Fritziana goeldii, also known as Goeldi's frog or Colonia Alpina treefrog, is a species of frog in the family Hemiphractidae. It is endemic to southeastern Brazil and found in Rio de Janeiro, Espírito Santo, and São Paulo states. The species is named after Émil Goeldi, Swiss zoologist who worked in Brazil. Fritziana goeldii may be locally threatened by habitat destruction but over most of its range it is a common species with a large total population, and the International Union for Conservation of Nature has rated its conservation status as being of "least concern".

==Description==
Fritziana goeldii is a small, slender frog; females are 32 to 35 mm long and males are slightly smaller. The snout is pointed, the eyes are large, and there are adhesive discs on the tips of the fingers and toes. The upper parts of the head and body are some shade of pale grey or brown, blotched and streaked with darker colour.

==Distribution and habitat==
Fritziana goeldii is endemic to southeastern Brazil, where it is found in the states of Rio de Janeiro, São Paulo and Espírito Santo. Its natural habitat is forest at altitudes between sea level and about 1000 m above sea level, but it is an adaptable species, able to live anywhere that there are trees and the epiphytic bromeliads in which it breeds.

==Ecology==
This frog lives among vegetation a few metres above the ground, mostly in and around bromeliads.

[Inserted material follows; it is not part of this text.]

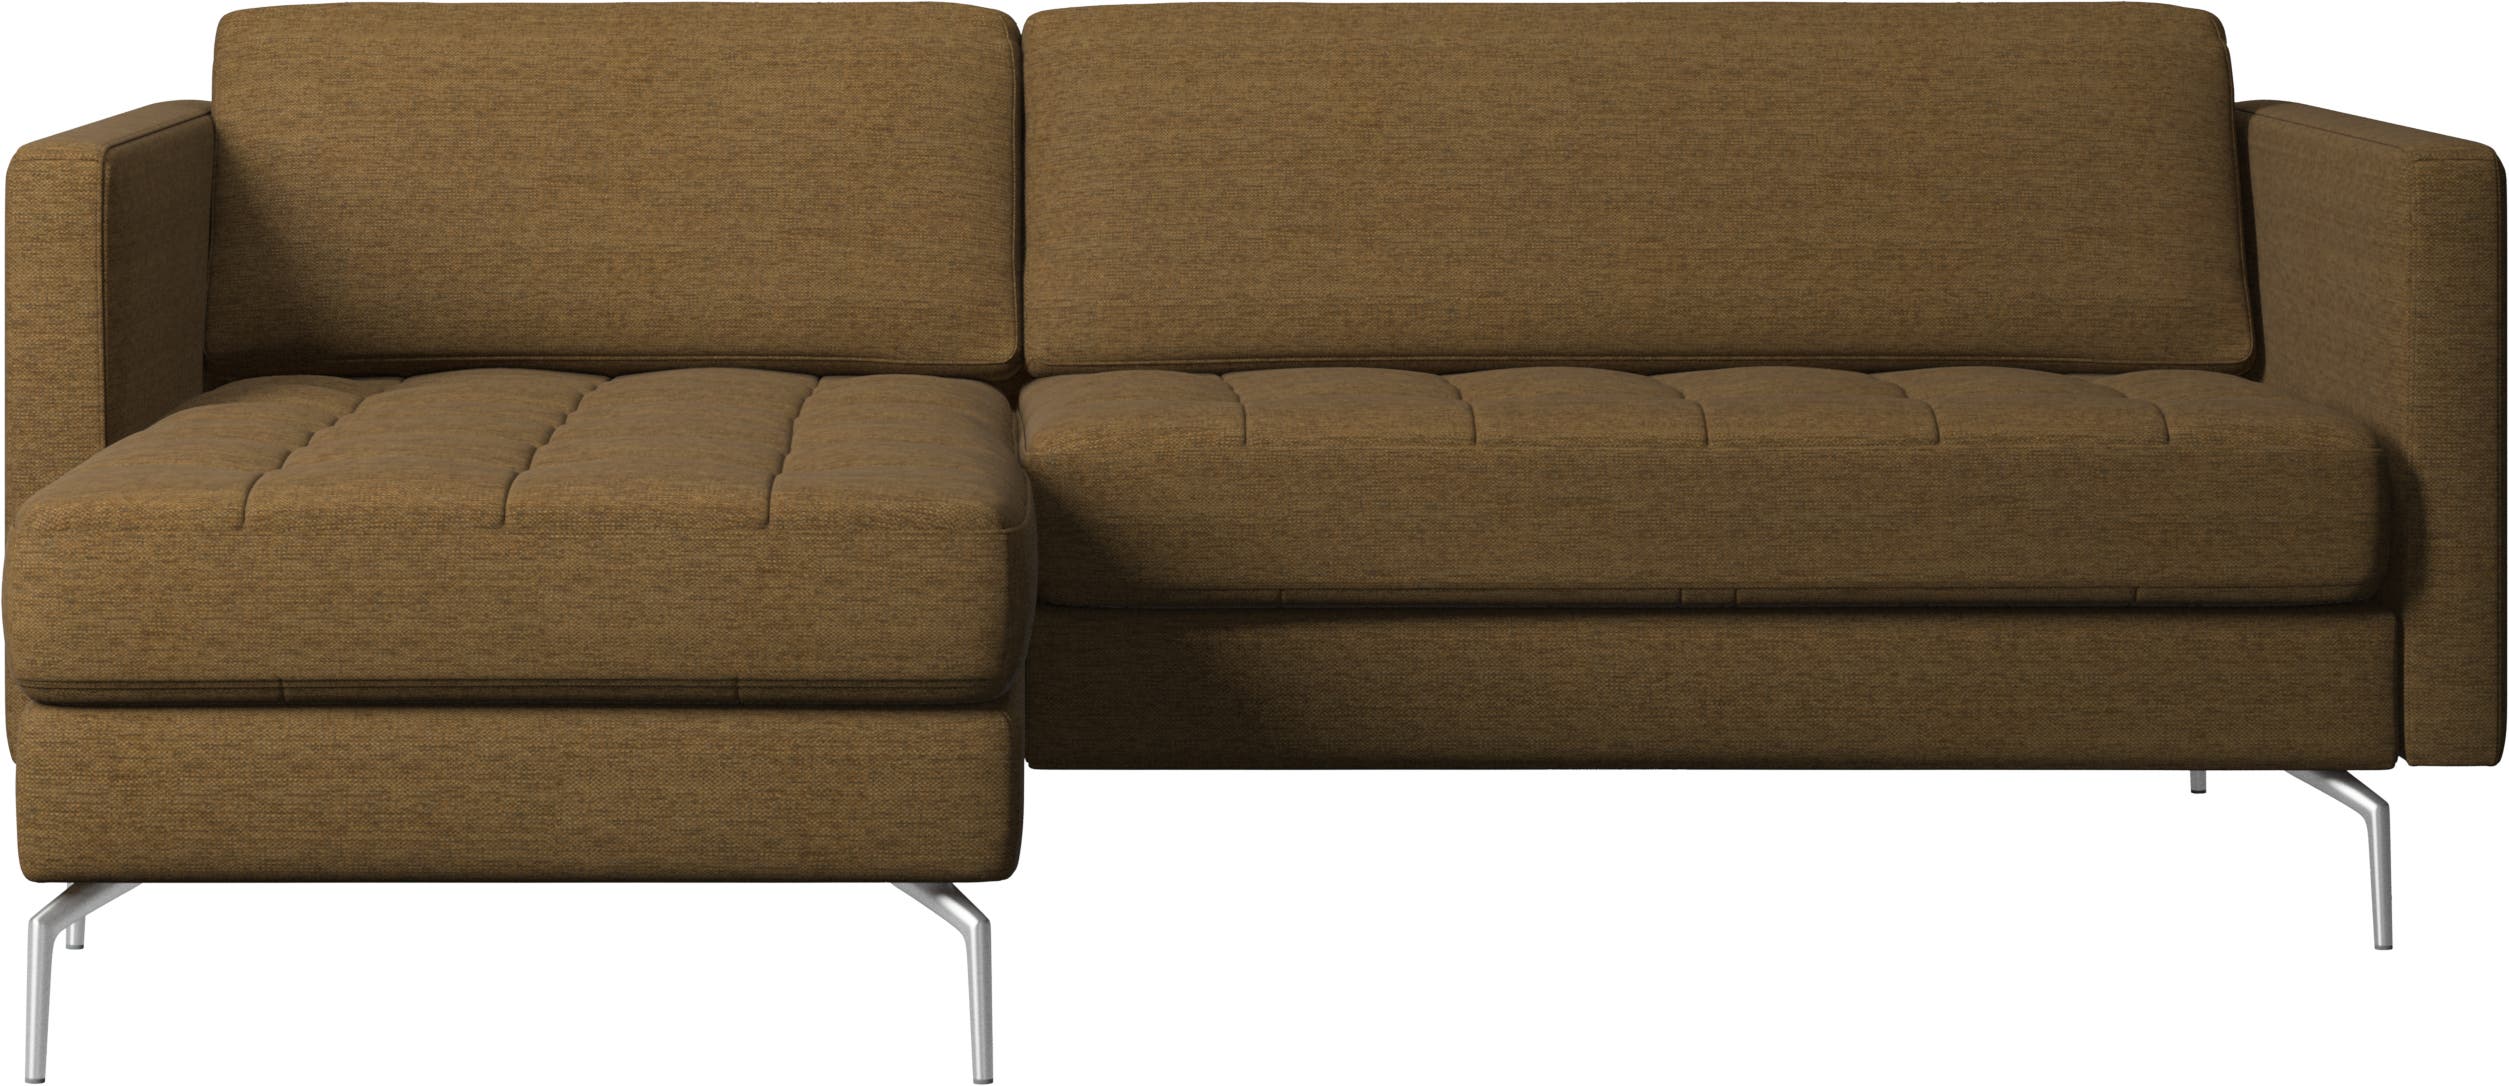 Osaka-sohva, sisältää lepomoduulin, tuftattu istuin

Breeding is a lengthy affair; while the couple are in amplexus, the female secretes quantities of mucus which the male whips into foam with his legs and spreads on the female's back. Here it forms a sticky pad onto which the male presses the fertilised eggs. A clutch of eggs may number nine to twenty or so, and the pad soon hardens. After about nineteen days, the female detaches the eggs and places them in the water-filled hollow of a bromeliad. Here they soon hatch, and undergo metamorphosis a few days later into juvenile frogs.